With this I’m able to reproduce the error:

using Flux

classes = "pos", "neg"
labels = 1:2
emb_dim = 300
hidden_dim = 50
attn_dim = 30

model = Models.Attention(
    Dense(emb_dim, hidden_dim),
    LSTM(hidden_dim, hidden_dim),
    Dense(hidden_dim, attn_dim),
    Dense(hidden_dim, attn_dim),
    rand(attn_dim),
    Dense(hidden_dim, length(labels))
)

opt = ADAM()
loss(xᵢ, yᵢ) = -log(sum(model(xᵢ) .* Flux.onehot(yᵢ, labels)))
ps = params(model)

for (i, (xᵢ, yᵢ)) in enumerate([(rand(300, 55), 1), (rand(300, 176), 2), (rand(300, 13), 1)]) # random data
    Flux.reset!(model)
    gs = gradient(ps) do
        training_loss = loss(xᵢ, yᵢ)
        println(training_loss)
        training_loss
    end
    Flux.update!(opt, ps, gs)
end

The error:

ERROR: DimensionMismatch("cannot broadcast array to have fewer dimensions")
Stacktrace:
 [1] check_broadcast_shape(::Tuple{}, ::Tuple{Base.OneTo{Int64}}) at ./broadcast.jl:507
 [2] check_broadcast_shape(::Tuple{Base.OneTo{Int64}}, ::Tuple{Base.OneTo{Int64},Base.OneTo{Int64}}) at ./broadcast.jl:510
 [3] check_broadcast_axes at ./broadcast.jl:512 [inlined]
 [4] check_broadcast_axes at ./broadcast.jl:516 [inlined]
 [5] instantiate at ./broadcast.jl:259 [inlined]
 [6] materialize!(::Array{Float64,1}, ::Base.Broadcast.Broadcasted{Base.Broadcast.DefaultArrayStyle{2},Nothing,typeof(+),Tuple{Base.Broadcast.Broadcasted{Base.Broadcast.DefaultArrayStyle{1},Nothing,typeof(*),Tuple{Float64,Array{Float64,1}}},Base.Broadcast.Broadcasted{Base.Broadcast.DefaultArrayStyle{2},Nothing,typeof(*),Tuple{Base.Broadcast.Broadcasted{Base.Broadcast.DefaultArrayStyle{0},Nothing,typeof(-),Tuple{Int64,Float64}},LinearAlgebra.Adjoint{Float64,Array{Float64,2}}}}}}) at ./broadcast.jl:823
 [7] apply!(::ADAM, ::Array{Float64,1}, ::LinearAlgebra.Adjoint{Float64,Array{Float64,2}}) at /home/f/user/.julia/packages/Flux/Fj3bt/src/optimise/optimisers.jl:175
 [8] update!(::ADAM, ::Array{Float64,1}, ::LinearAlgebra.Adjoint{Float64,Array{Float64,2}}) at /home/f/user/.julia/packages/Flux/Fj3bt/src/optimise/train.jl:25
 [9] update!(::ADAM, ::Zygote.Params, ::Zygote.Grads) at /home/f/user/.julia/packages/Flux/Fj3bt/src/optimise/train.jl:31
 [10] top-level scope at REPL[47]:8

This seems to be related to https://github.com/FluxML/Flux.jl/issues/1087

Hipshot as I’m on the phone: Try removing that transpose of attn.v and initialize it as rand(1, attn_dim).

1 Like

That seems to be the solution, thanks. Why is the error message so uninformative? I’d never guess that that’s the problem.
How do I transpose then if I have to? collect(v')? reshape?

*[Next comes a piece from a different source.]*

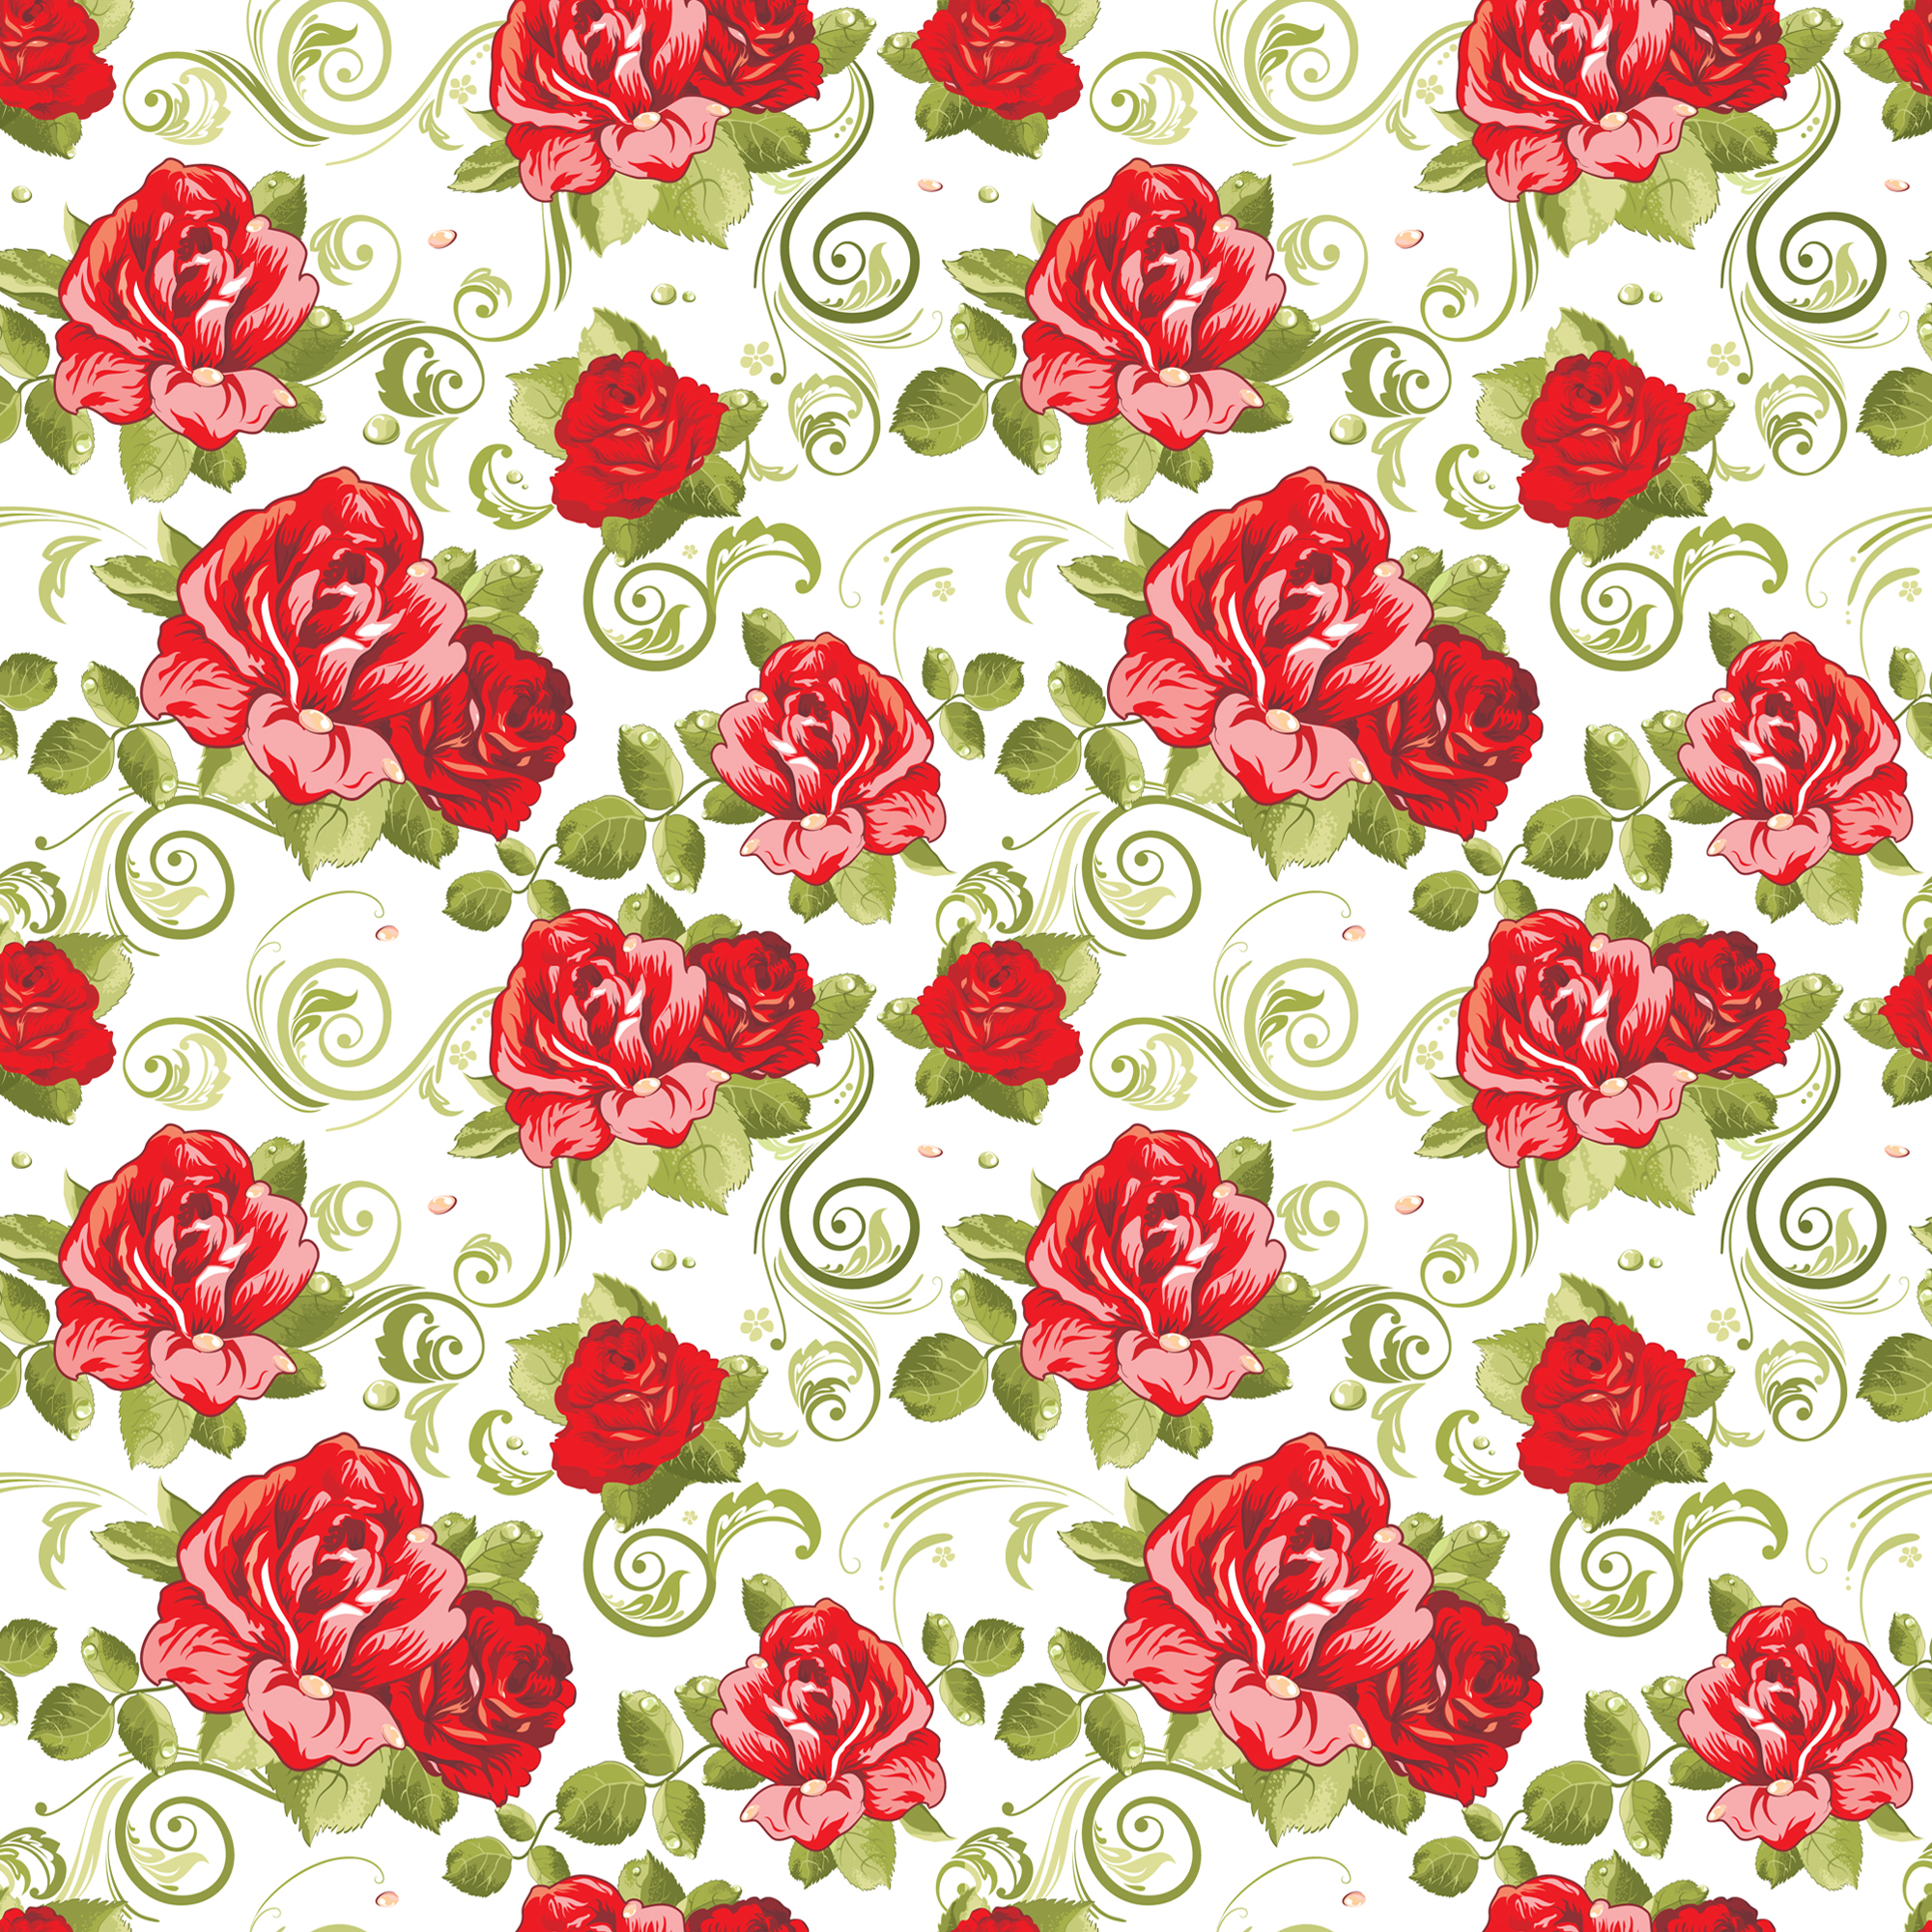 Free HD background, pictures, roses, flowers, patterns

I would guess that it is uninformative due to being caught at a low level which in turn is an indication that it should work but there is a bug somewhere.

My guess is that line 175 in ADAM does alot of broadcasted operations in one go and somehow the abstraction of LinearAlgebra.Adjoint breaks down in that case.

It might be worthwhile to try to reproduce without Flux and see if an issue should be reported in LinearAlgebra.